Then what the scientists do is that they'll selectively stimulate just the particular neurons
in V5 that are sensitive to motion in a given direction.
And so, and by doing that, they're able to change the monkey's perceptions.
So the monkey will start giving wrong answers.
So say the dots are going up and down,
but if the neuroscientists start stimulating all of the side-to-side motion-sensitive neurons,
then the monkey will start more often saying that the dots are moving side-to-side.
Or they'll give some sort of hybrid response,
whereby some of their neurons are telling them it's up and down,
some of them says it side-to-size,
and maybe they'll say it's like diagonal or something like that.
Yeah, scientists have been able to reliably do this in monkeys,
which I think is pretty cool.
Also, there's at least one case of a human stroke victim
who had a localized legion, oh, sorry, lesion,
to area V5, which basically means that just that region of the brain was damaged, but no other regions.
And they reported the inability to perceive continuous motion.
Otherwise, their vision seemed to be unaffected, but the only thing that was wrong was that they could not perceive continuous motion.
Instead, what they saw was a series of disjointed images.
So this would sort of be like, you know, picking out like every 15th frame from a movie or something and just watching those.
It would be very disjointed, one thing, and then, you know, the person's over there and then they're over there.
So, for example, this person had great difficulty crossing the street because they say things like, well,
the car's far away, but then the next moment it's close. I'm like, I don't know how fast it's
moving, and I'm not sure if it's safe and so on.
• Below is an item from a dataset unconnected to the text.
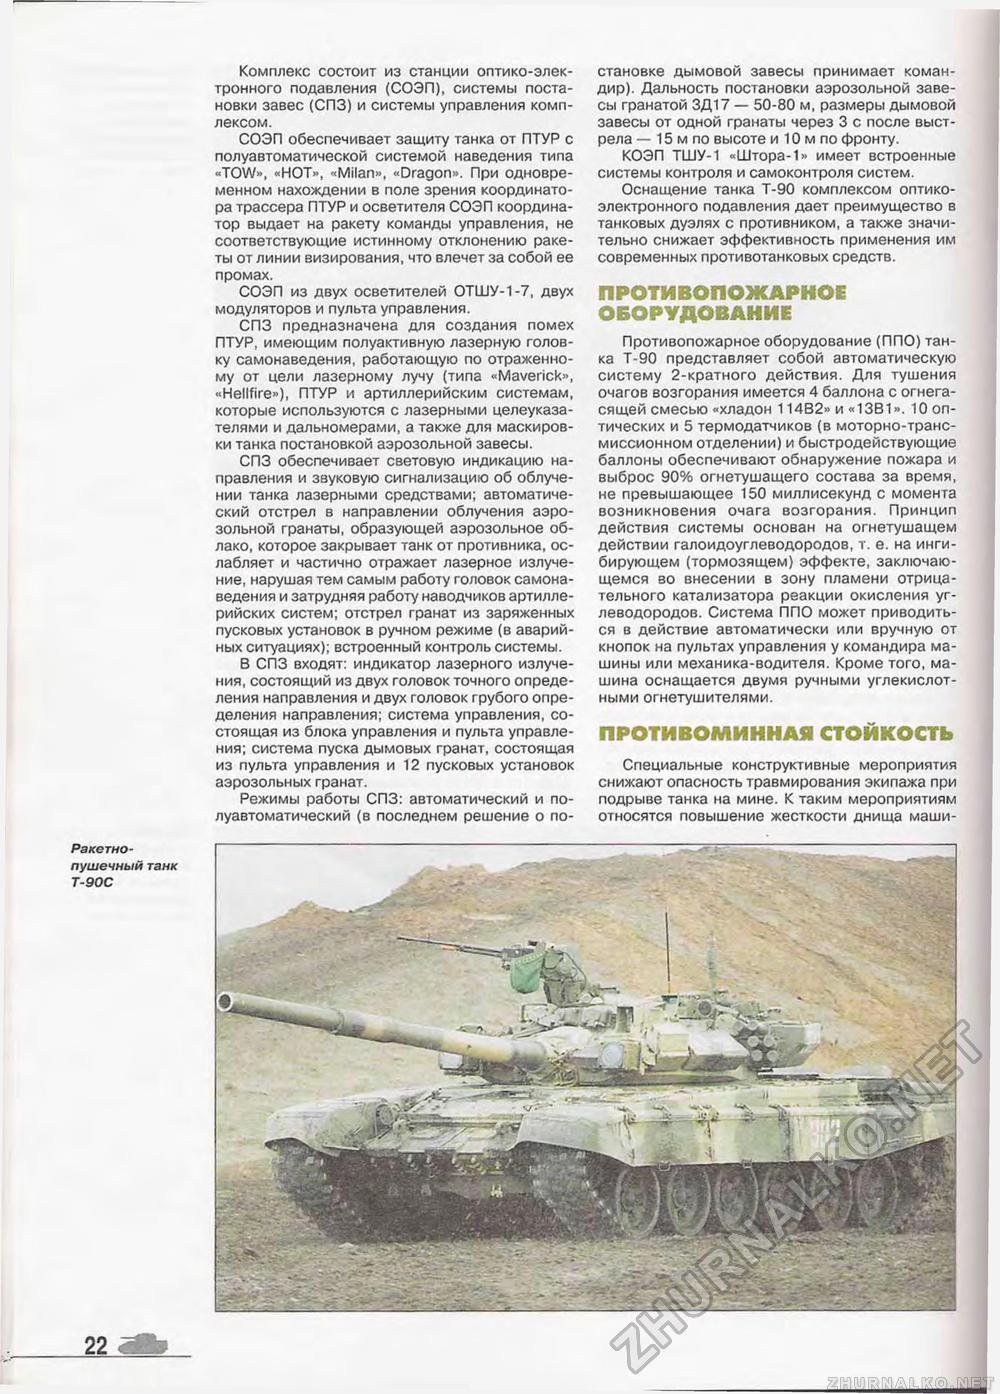  Special - T-90,  24

So obviously that would be a hard condition
to live with, but it is interesting from a neuroscience perspective because it's another
clear piece of evidence that area V5 does seem to focus very strongly on detection of motion,
and motion in particular directions. Okay, so that's the first region within the wear or the
dorsal pathway, area MT or V5, same thing. The next area long, the main one that we're going to
talk about is area MST. So this is the,
medial superior temporal area. Again, we won't worry too much about what all that means, just
MST. It receives most of its inputs from area MT, the medial temporal area. So basically,
you've got V5, and then that sends most of its input to, most of the output of V5 goes to MST,
which is the next one along. Both of these are in the wear pathway. And again, MST is involved
also in the detection of motion. Particularly, it seems to be involved with detecting slightly
different types of motion. For example, optical flow has been associated with, detection of optical
flow has been associated with area MST. Optical flow, I'm referring to the apparent smooth motion
of objects, especially when the object aren't necessarily moving, there might just be spinning. So, like,
if you watch a tire spinning around, that might be optical flow, because it looks like it's
moving around continuously. Again, these are just sort of isolated studies that have found these
sorts of things. So it's a bit up in the air exactly what the difference between MST and MT is,
but they're both definitely involved in motion and perception of, yeah, the movement and location.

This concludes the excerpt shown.